I don’t know if you’ve noticed, but the last few weeks have seen a number of reports in the medical and lay media that seem to be leading to a rather startling conclusion. Namely, that dumbing down in healthcare provision is widespread and may be a bad thing. It may even end up with the frankly bizarre suggestion that doctors have a useful purpose to serve.
But let’s not get ahead of ourselves. We’ll start with The Times’ report on the issue of the poor quality of nursing in our hospitals (I’ll link to some of those reports, but only those of you contributing to Mr Murdoch’s pension fund will be able to access them). It began with the now customary and justified complaint that nurses spend too much time in the classroom and not enough on the wards learning how to look after patients, with even Peter Carter, President of the RCN joining in the condemnation.
This then morphed into an argument that there weren’t enough qualified nurses on the wards because cash-strapped trusts have been replacing them with an army of health care assistants (HCAs) who now undertake most of the jobs traditionally performed by nurses, a move which today’s Times headline trumpeted as ‘a disaster in waiting’.
We’ll pause there for a moment to allow you to savour the image of nurses complaining about the usurping of their role by less highly-trained workers. There - you enjoyed that, didn’t you?

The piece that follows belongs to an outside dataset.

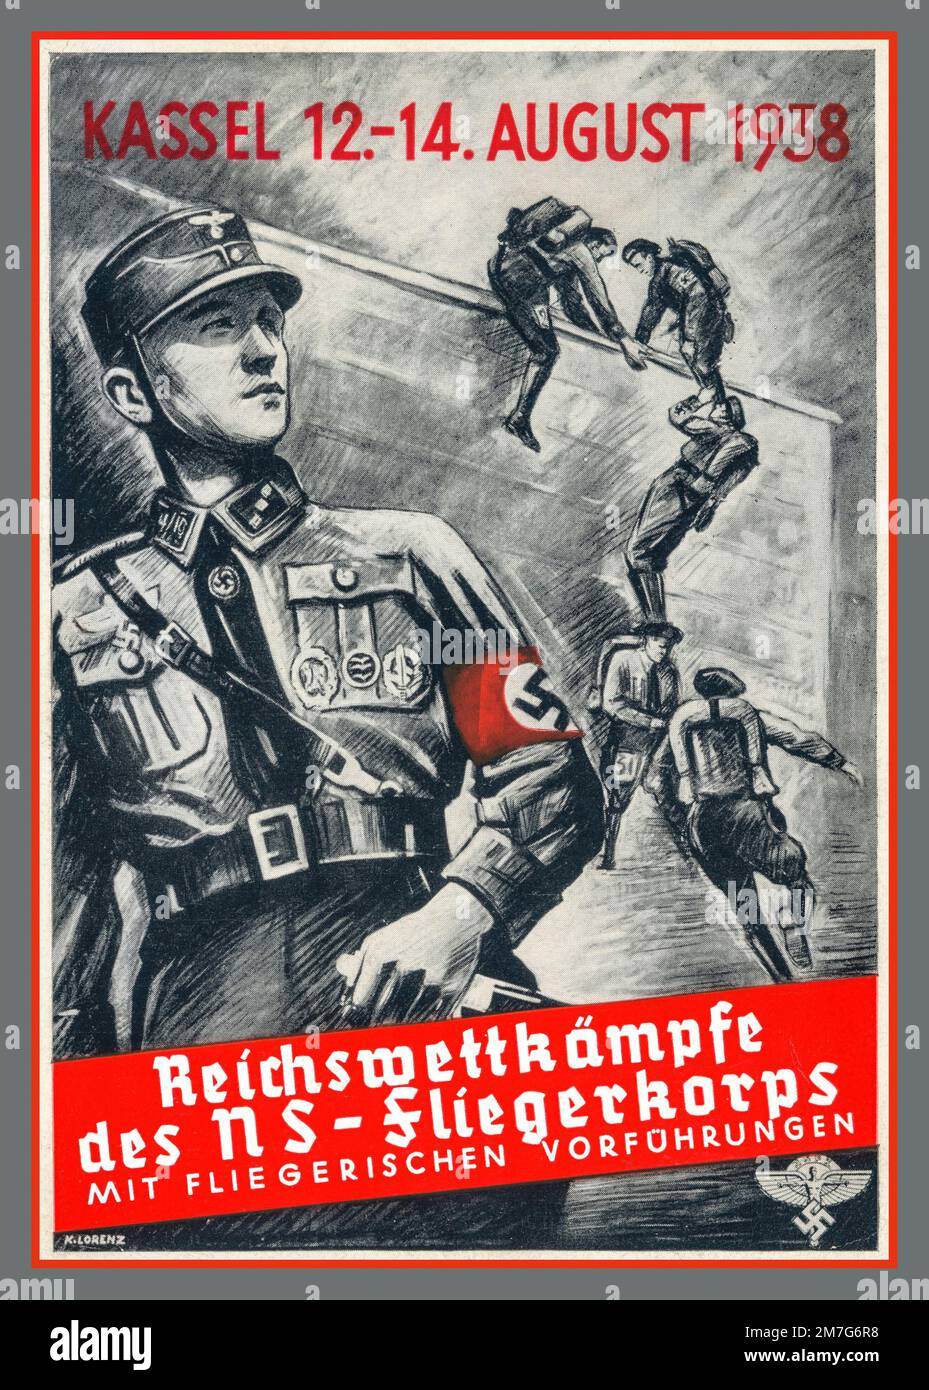 Nazi NS-FLIEGERKORPS Recruitment Recruiting Nazi Poster 1938 Nazi Germany 'mit fliegerischen vorfuhrungen' 'with flying demonstrations'  'empire competitions' Reichswettkämpfe Stock Photo

Incidentally, the first of those articles prompted a letter from someone asking why, if this decline in nursing standards had been going on for so long, the doctors hadn’t spoken out against it. I couldn’t be arsed to reply that we had, and that I, for one, had had a letter in The Times stating that we were raising a generation of nurses more at home with a clipboard than a bedpan. And of course the result of letters and articles in that vein, coming from doctors, is the accusation of arrogance and elitism - usually from nurses. As is so often the case, we’re damned if we do, and damned if we don’t.

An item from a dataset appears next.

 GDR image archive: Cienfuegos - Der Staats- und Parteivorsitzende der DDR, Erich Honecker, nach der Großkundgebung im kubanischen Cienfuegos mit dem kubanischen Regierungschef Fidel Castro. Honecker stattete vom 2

Which would bring me on to skills mix, and the rise of the ‘practitioner’, but we’re all sick of reading diatribes about noctors, and the arguments for and against have been rehearsed at tedious length here and elsewhere. For what it’s worth, and at the risk of repeating myself, I believe that role extension, properly instituted and monitored, can rationalise the use of highly-trained staff and improve the service. I have even been actively involved in the training of radiographer practitioners who fulfill a very useful role in many of our imaging departments. There’s no doubt, though, that this whole process is now running out of control, driven by managers hell-bent on cutting costs, with no regard for quality of service or patient safety.
And then we have the recent report on the capital’s health services, telling us that more consultants are needed to cover junior staff, and that this could save 500 lives a year. In other words, from top to bottom, we are seeing a downshift in the grading structure of NHS staff, with an over-reliance on less highly-trained, and cheaper, staff. And this can only get worse as Lansley and Cameron drive through their ill-considered ‘reforms’, fragmenting the service further and exposing it to the wholly commercial motives of ‘any qualified provider’.
But as I say, if you follow the HCA/nurse argument up the food chain, it does at least look as if there may eventually be a grudging admission that doctors have some small contribution to make to the health of the nation. Which would be nice.